Friday, 22 July 2011 will be remembered by every Norwegian. Not since World War II has our mostly peaceful country experienced such senseless violence. A twin attack on government buildings in Oslo and on a youth camp at Utøya island left 77 irreplaceable human beings dead. The perpetrator was motivated by an extreme and violent ideology.
I lost people I knew, and I had friends who lost their children. To the extremist there was nothing senseless about his acts, it was the logical conclusion of his ideology.
At the time, I worked in the Norwegian Foreign Service. I often feel comforted when thinking about the enormous amount of sympathy we experienced. The following Monday, I travelled to Rome to attend an emergency conference on the famine in the Horn of Africa which was the worst in 60 years. In a meeting focused on millions of starving people, the entire assembly of Ministers gave a three-minute standing ovation to show solidarity with the people of Norway after I spoke.
I have thought about that overwhelming empathy and about why this particular attack received so much global attention. I believe some of it has to do with the sudden sense of unity against violent extremism. There was no difference between us in that room in Rome, we were all equally vulnerable.

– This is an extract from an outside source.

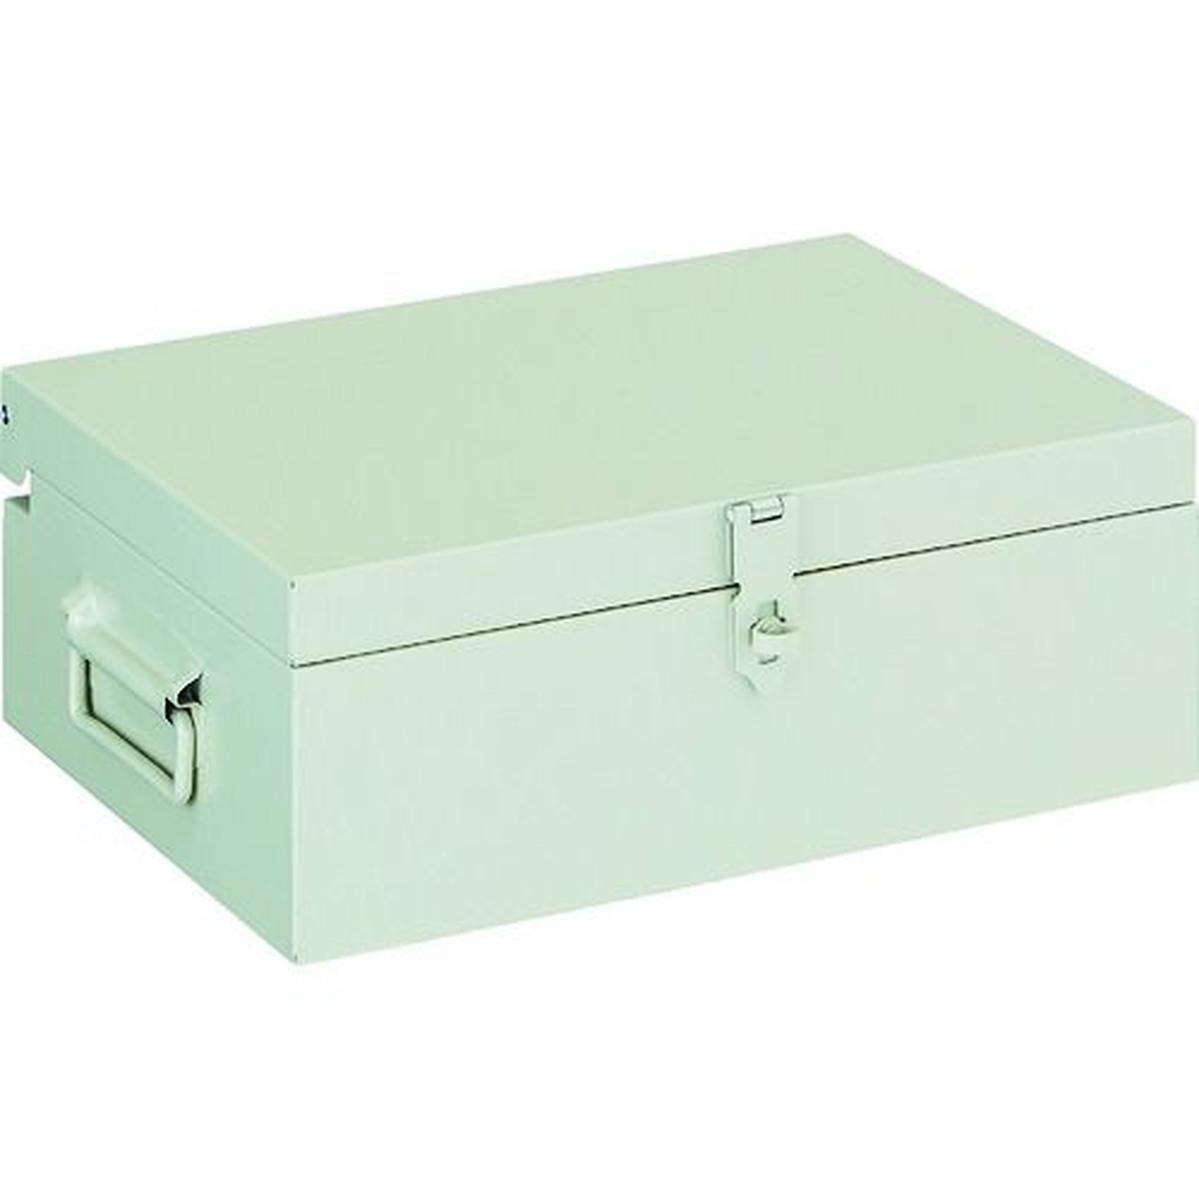 男女兼用 TRUSCO 小型ツールボックス 400X300X150 中皿なし 中皿なし 400X300X150 小型ツールボックス 1台, beautycrew:a73959d3 --- kventurepartners.sakura.ne.jp

Oslo, ten years later. From 14 – 16 June 2021, the UNDP Oslo Governance Centre, in collaboration with the Norwegian Ministry of Foreign Affairs, convened the largest ever international conference on preventing violent extremism: the Oslo III Conference. More than 1,000 participants virtually sat down to examine whether our resolve and strategies to prevent violent extremism are good enough to match today’s challenges; whether our assumptions hold up to reality-testing; and what effect the COVID-19 pandemic has had patterns of violence. Whether our unity is still holding.
The 2019 Global Terrorism Index indicates that the number of deaths from violent extremism shows a downward trend since the 2014 peak. But the key question now is how will the pandemic affect these trends?

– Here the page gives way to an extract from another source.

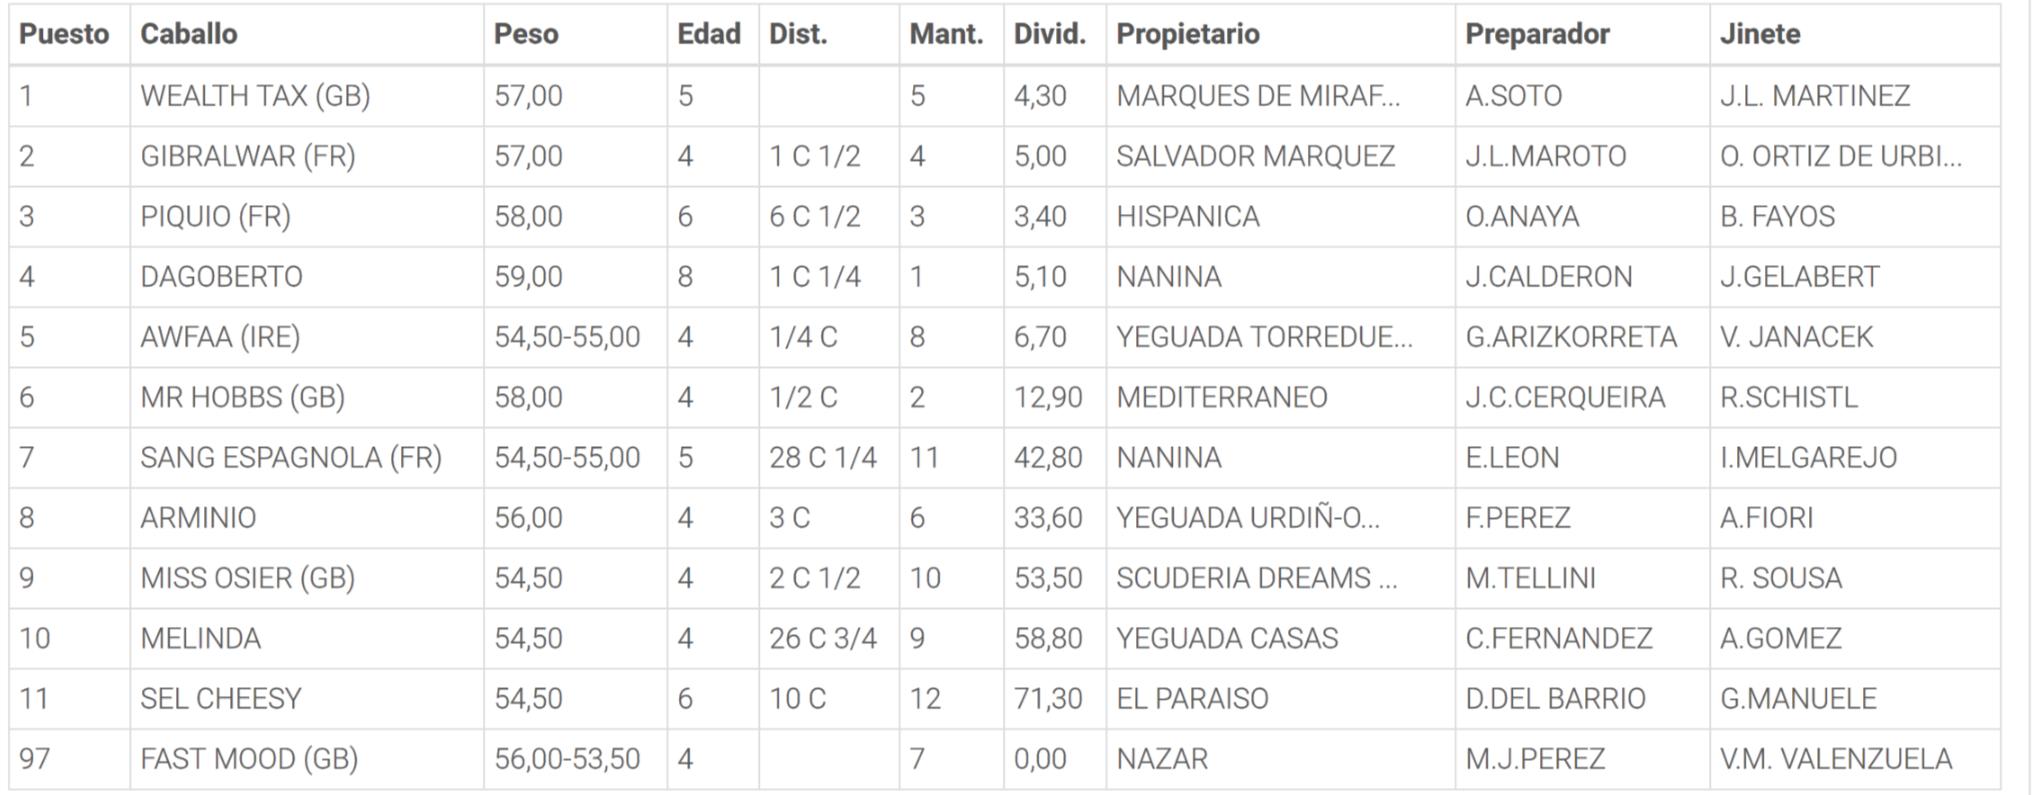 Resultados de la Carrera 6. Hipódromo de la Zarzuela

Today the international community knows a lot more about preventing violent extremism than 10 years ago. The root causes are complex, multifaceted, and intertwined. Violent extremism is the product of historical, political, economic, and social circumstances, including the impact of regional and global power politics.
What my colleagues at UNDP and our partners have shown through research and experience is that there are some connections between larger trends in our societies and support for violent extremism. As we slowly emerge from the pandemic, these connections should worry us and refocus our attention.

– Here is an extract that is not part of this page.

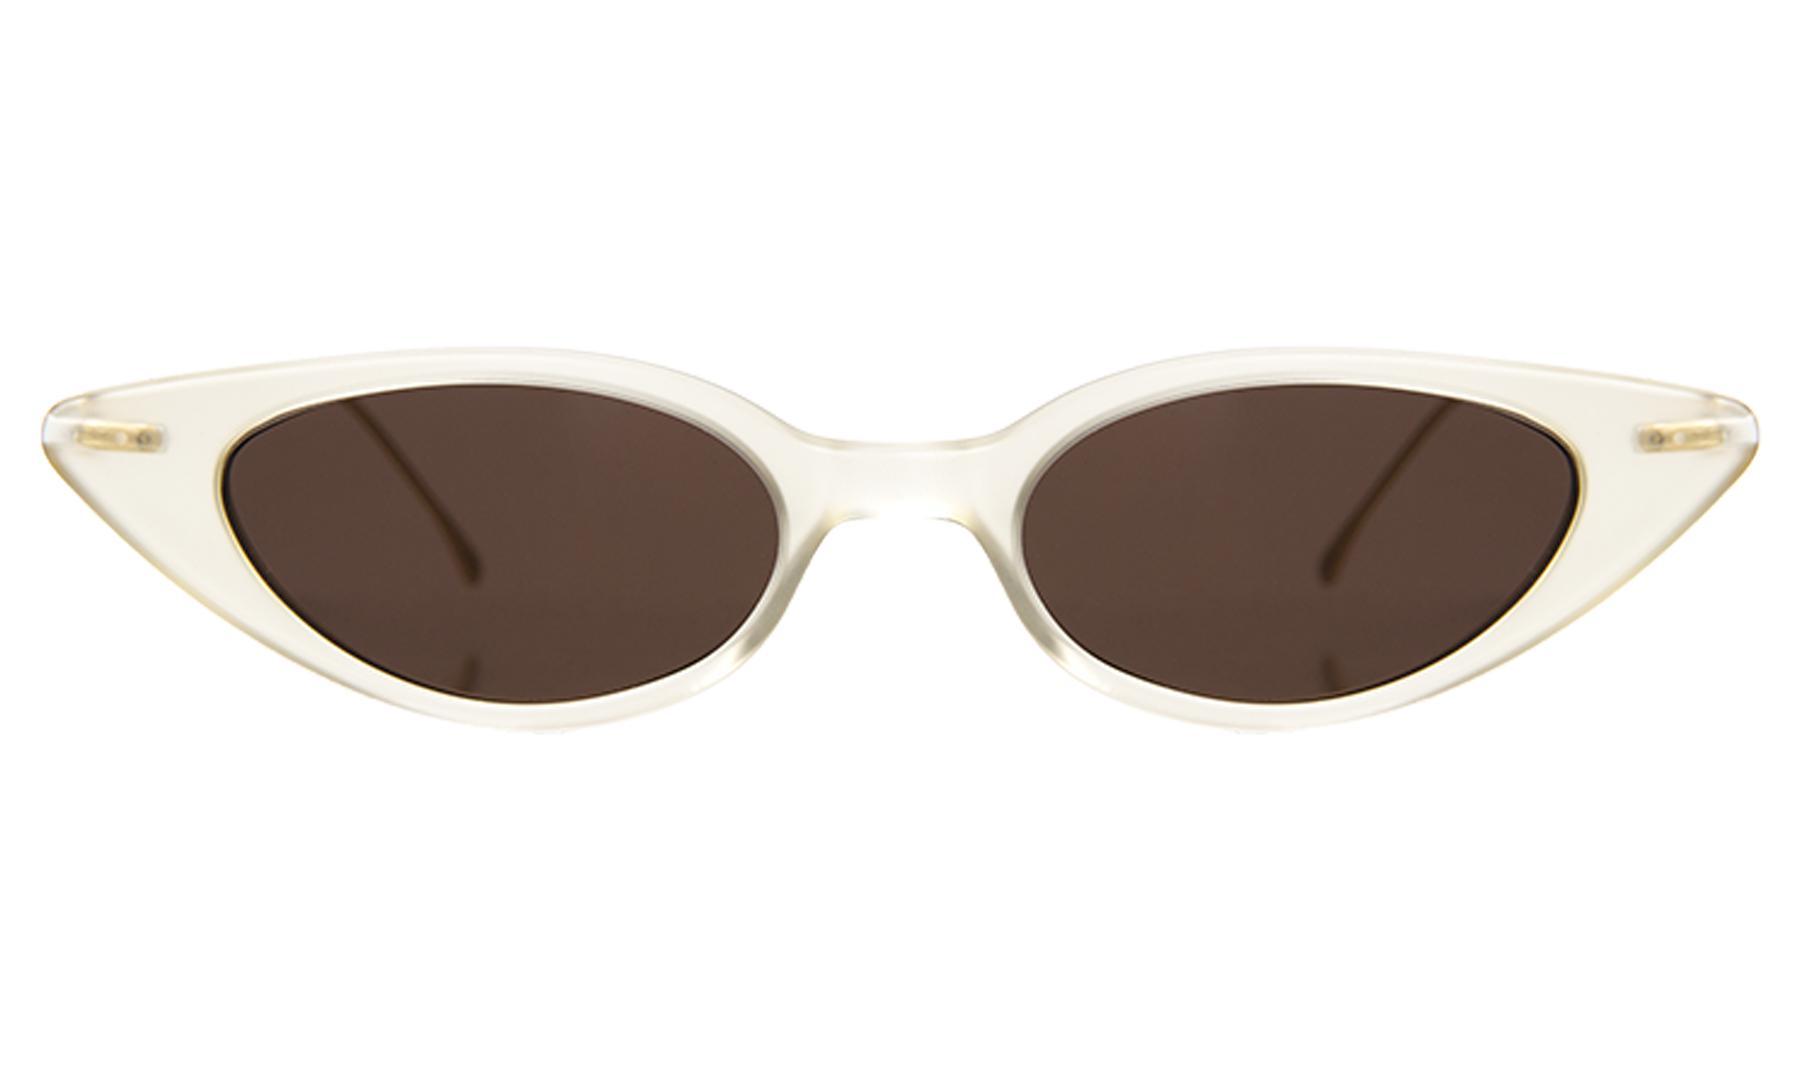 9e2894c306 Illesteva. Women s Marianne Sunglasses

Unemployment, poverty, and exclusion – or indeed any one push factor – alone cannot explain why people radicalize. Perceptions of injustice, human-rights violations, social-political exclusion, widespread corruption, or sustained mistreatment of certain groups are, however, among the strong drivers. When these factors compound, and impact particular groups of people, radical movements and violence are more likely to erupt.
Break-down of social cohesion, lack of government institutions, amplified sense of marginalization, loss of job security, gender-based violence, more hate speech, and increased information pollution. These are all push factors we know can act as gateways to radicalization. And all have intensified because of the pandemic. So, what does this mean for the patterns of violent extremism in the years to come? And how do we best prevent it?
"We will confront this terror with more democracy, more openness and more humanity." These are the words that were delivered by Norway’s Prime Minister, Jens Stoltenberg soon after the Oslo and Utøya attacks. That sentiment is in keeping with the agenda of preventing violent extremism. The sorrow and anger that lies in the realization that such attacks happen in so many countries is only lessened by the potential unifying force it can stimulate. As Norway’s Prime Minister Solberg said, “It was our unity and freedom which was attacked that day in July. We must do what we can to prevent it from happening again. We must talk about what happened and why. We must discuss. We must debate.”